Historical population
| Census | Pop. | Note | %± |
| 1910 | 349 |  | — |
| 1920 | 404 |  | 15.8% |
| 1930 | 336 |  | −16.8% |
| 1940 | 405 |  | 20.5% |
| 1950 | 354 |  | −12.6% |
| 1960 | 473 |  | 33.6% |
| 1970 | 383 |  | −19.0% |
| 1980 | 428 |  | 11.7% |
| 1990 | 374 |  | −12.6% |
| 2000 | 360 |  | −3.7% |
| 2010 | 328 |  | −8.9% |
| 2020 | 335 |  | 2.1% |
| 2019 (est.) | 320 |  | −2.4% |
U.S. Decennial Census

===2010 census===
As of the census of 2010, there were 328 people, 151 households, and 100 families residing in the city. The population density was 683.3 PD/sqmi. There were 178 housing units at an average density of 370.8 /sqmi. The racial makeup of the city was 98.2% White, 0.6% Native American, and 1.2% from two or more races. Hispanic or Latino of any race were 0.3% of the population.

There were 151 households, of which 25.2% had children under the age of 18 living with them, 52.3% were married couples living together, 8.6% had a female householder with no husband present, 5.3% had a male householder with no wife present, and 33.8% were non-families. 33.1% of all households were made up of individuals, and 14.5% had someone living alone who was 65 years of age or older. The average household size was 2.17 and the average family size was 2.68.

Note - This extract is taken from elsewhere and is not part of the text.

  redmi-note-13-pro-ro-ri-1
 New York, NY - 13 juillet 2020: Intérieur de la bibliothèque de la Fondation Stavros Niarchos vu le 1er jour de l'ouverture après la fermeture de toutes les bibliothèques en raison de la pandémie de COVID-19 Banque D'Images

The median age in the city was 47.1 years. 21.6% of residents were under the age of 18; 5.9% were between the ages of 18 and 24; 20.2% were from 25 to 44; 29.5% were from 45 to 64; and 22.9% were 65 years of age or older. The gender makeup of the city was 50.0% male and 50.0% female.

===2000 census===
As of the census of 2000, there were 360 people, 152 households, and 100 families residing in the city. The population density was 1,270.6 PD/sqmi. There were 173 housing units at an average density of 610.6 /sqmi. The racial makeup of the city was 98.33% White, 0.28% Native American, 0.83% from other races, and 0.56% from two or more races.

There were 152 households, out of which 24.3% had children under the age of 18 living with them, 55.9% were married couples living together, 7.9% had a female householder with no husband present, and 33.6% were non-families. 30.9% of all households were made up of individuals, and 13.8% had someone living alone who was 65 years of age or older. The average household size was 2.37 and the average family size was 2.97.

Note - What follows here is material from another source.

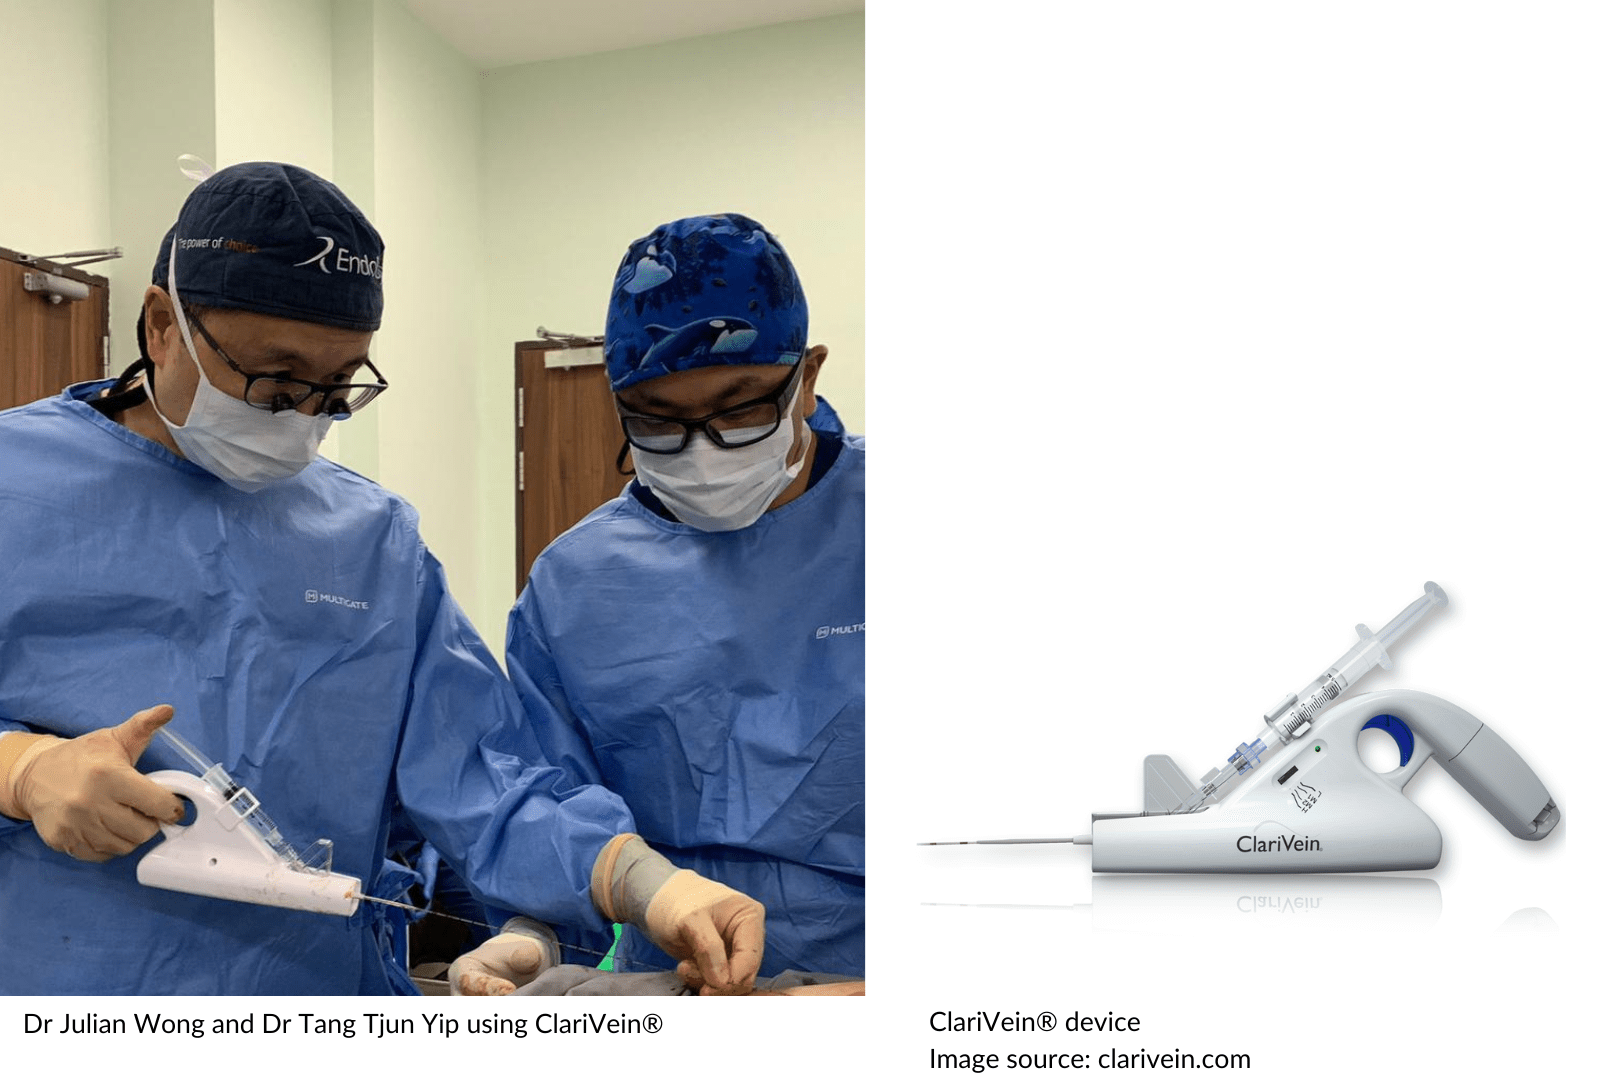  Dr Julian Wong & Dr Tang Tjun Yip Uing Clari Veins

In the city, the population was spread out, with 24.2% under the age of 18, 5.6% from 18 to 24, 20.3% from 25 to 44, 28.3% from 45 to 64, and 21.7% who were 65 years of age or older. The median age was 45 years. For every 100 females, there were 96.7 males. For every 100 females age 18 and over, there were 85.7 males.

The median income for a household in the city was $22,386, and the median income for a family was $31,111. Males had a median income of $25,000 versus $15,000 for females. The per capita income for the city was $14,475. About 7.8% of families and 10.9% of the population were below the poverty line, including 12.9% of those under age 18 and 7.0% of those age 65 or over.

==Notable people==
- Herman Welker, former US Senator for Idaho

==Transportation==

===Highways===
- - US 95
- - SH-71
The city is served by U.S. Highway 95, connecting to Council and New Meadows to the north and Weiser and Payette to the south. State Highway 71 heads northwest from Cambridge to the Brownlee Dam on the Snake River.

==Education==
It is in the Cambridge Joint School District 432.

Washington County is in the area (but not the taxing region) of the College of Western Idaho, which has its main campus in Nampa.